Na passada quinta-feira fui ao evento Architect@Work. É um evento ao qual gosto sempre de ir, não só pelo ambiente diferente, mais informal e inspirador, mas também pela oportunidade de ver o que de novo se anda a fazer no setor. É daqueles momentos em que saímos da rotina, observamos, aprendemos e voltamos com novas ideias.
Desta vez, no entanto, a experiência foi um pouco diferente: tive de levar comigo os meus filhos. Confesso que, inicialmente, fiquei na dúvida se iria conseguir aproveitar o evento da mesma forma. Mas rapidamente percebi que, afinal, eles não iam apenas acompanhar-me — iam também transformar a visita numa experiência completamente nova.
A certa altura, deparámo-nos com uma escultura interativa composta por vários bancos, cada um com uma letra. A ideia era simples e genial: cada pessoa podia rearranjar os bancos e formar palavras ou frases. Naturalmente, os meus filhos ficaram imediatamente fascinados.
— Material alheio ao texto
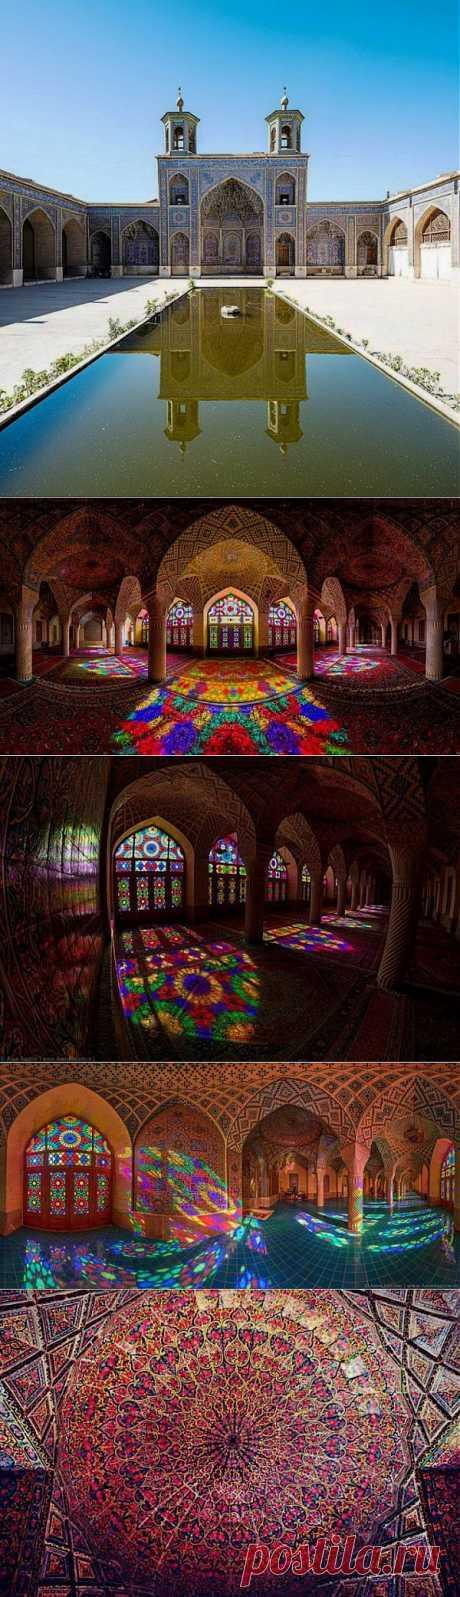 Розовой мечеть Насир аль-Мульк находится в г.Шираз,Иран.Розовая мечеть отличается от всех остальных архитектурных чудес в мире.

O meu filho foi rápido: mal viu aquilo, começou logo a juntar letras e em segundos já tinha formado o seu nome — “Gil”. Simples, direto, com aquele orgulho próprio de quem acabou de deixar a sua marca.
Já a minha filha decidiu ir mais longe. Queria fazer uma frase. E não era uma frase qualquer. Depois de pensar um pouco, disse com toda a convicção:
— Vamos escrever “Há Algo Especial”.
E lá fomos nós, os três, à procura das letras, arrastando bancos, experimentando combinações, rindo-nos quando faltava uma letra ou quando sobrava outra. No final, a frase estava lá, completa, no meio do espaço expositivo.
Ali, no meio de um evento de arquitetura e inovação, fui surpreendido por uma lição simples, mas profunda: a imaginação e a criatividade das crianças estão muito para além daquilo que, muitas vezes, consideramos comum. Onde eu via apenas uma escultura interativa, eles viram um brinquedo, uma mensagem, uma possibilidade de criação.
Saí do Architect@Work com novidades do setor, sim — mas também com algo ainda mais valioso: a lembrança de que a criatividade não tem idade, não precisa de explicações complicadas e surge, muitas vezes, nos momentos mais inesperados.
E talvez, afinal, “há mesmo algo especial” nisso tudo.